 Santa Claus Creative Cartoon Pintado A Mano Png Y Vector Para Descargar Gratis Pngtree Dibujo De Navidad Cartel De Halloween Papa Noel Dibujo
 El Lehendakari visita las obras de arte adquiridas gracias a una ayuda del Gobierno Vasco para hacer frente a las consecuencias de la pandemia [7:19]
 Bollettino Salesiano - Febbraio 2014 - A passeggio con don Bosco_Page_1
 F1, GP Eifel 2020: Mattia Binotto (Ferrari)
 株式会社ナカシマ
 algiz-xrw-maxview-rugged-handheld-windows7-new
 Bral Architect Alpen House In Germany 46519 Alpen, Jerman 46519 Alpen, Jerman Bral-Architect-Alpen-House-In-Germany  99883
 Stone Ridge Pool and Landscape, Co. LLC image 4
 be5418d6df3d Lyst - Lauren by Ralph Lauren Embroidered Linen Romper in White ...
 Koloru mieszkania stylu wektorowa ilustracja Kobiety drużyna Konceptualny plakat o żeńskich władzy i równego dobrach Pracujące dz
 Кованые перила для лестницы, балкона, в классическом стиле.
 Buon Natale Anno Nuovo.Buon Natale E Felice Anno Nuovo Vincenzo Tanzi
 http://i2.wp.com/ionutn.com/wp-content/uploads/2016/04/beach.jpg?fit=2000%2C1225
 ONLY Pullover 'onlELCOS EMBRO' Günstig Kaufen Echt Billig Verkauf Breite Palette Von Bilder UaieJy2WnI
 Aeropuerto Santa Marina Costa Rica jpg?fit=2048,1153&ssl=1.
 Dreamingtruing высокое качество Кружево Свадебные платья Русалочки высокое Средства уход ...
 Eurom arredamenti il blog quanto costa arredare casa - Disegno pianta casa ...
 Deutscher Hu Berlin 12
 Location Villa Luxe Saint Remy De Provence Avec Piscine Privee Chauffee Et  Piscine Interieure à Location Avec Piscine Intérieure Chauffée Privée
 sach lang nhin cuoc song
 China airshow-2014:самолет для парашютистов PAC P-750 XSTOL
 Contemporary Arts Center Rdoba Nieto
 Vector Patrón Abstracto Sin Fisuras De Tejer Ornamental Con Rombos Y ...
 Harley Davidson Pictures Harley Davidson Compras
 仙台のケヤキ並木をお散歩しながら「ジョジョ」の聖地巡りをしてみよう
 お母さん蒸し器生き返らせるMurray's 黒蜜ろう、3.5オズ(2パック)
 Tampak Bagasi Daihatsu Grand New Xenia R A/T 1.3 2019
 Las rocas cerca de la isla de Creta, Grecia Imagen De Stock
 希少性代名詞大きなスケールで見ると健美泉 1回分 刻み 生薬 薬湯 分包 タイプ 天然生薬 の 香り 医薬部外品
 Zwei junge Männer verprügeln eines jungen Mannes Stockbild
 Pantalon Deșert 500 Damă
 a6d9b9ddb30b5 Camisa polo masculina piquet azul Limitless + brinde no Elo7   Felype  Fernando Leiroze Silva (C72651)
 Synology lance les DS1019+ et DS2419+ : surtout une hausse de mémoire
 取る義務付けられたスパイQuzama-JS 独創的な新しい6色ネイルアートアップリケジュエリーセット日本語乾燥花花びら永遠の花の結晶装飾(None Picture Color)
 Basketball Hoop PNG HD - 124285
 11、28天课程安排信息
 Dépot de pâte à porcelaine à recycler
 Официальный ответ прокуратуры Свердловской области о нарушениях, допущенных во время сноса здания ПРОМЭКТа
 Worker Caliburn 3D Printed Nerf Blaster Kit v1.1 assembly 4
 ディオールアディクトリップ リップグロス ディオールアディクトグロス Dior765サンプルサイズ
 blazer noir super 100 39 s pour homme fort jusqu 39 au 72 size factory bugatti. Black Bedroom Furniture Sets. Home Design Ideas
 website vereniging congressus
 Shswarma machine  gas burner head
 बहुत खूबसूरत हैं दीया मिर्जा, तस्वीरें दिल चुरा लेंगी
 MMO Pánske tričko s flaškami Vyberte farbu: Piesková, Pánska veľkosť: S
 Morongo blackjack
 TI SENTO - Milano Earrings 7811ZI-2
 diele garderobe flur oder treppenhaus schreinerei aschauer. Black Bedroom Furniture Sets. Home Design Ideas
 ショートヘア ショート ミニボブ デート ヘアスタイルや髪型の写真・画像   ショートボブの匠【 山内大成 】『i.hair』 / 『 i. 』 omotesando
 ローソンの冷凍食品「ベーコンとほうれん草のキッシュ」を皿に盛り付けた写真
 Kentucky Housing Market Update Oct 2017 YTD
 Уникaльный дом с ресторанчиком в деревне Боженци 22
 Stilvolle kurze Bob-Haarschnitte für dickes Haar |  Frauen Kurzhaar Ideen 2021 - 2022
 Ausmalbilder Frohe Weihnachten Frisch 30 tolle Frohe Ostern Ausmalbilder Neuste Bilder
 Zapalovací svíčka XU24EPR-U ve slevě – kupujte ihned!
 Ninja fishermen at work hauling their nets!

-----

Task statement: From the material above, return every line that contains "Bilder".

Solution to this exercise:
 ONLY Pullover 'onlELCOS EMBRO' Günstig Kaufen Echt Billig Verkauf Breite Palette Von Bilder UaieJy2WnI
 Ausmalbilder Frohe Weihnachten Frisch 30 tolle Frohe Ostern Ausmalbilder Neuste Bilder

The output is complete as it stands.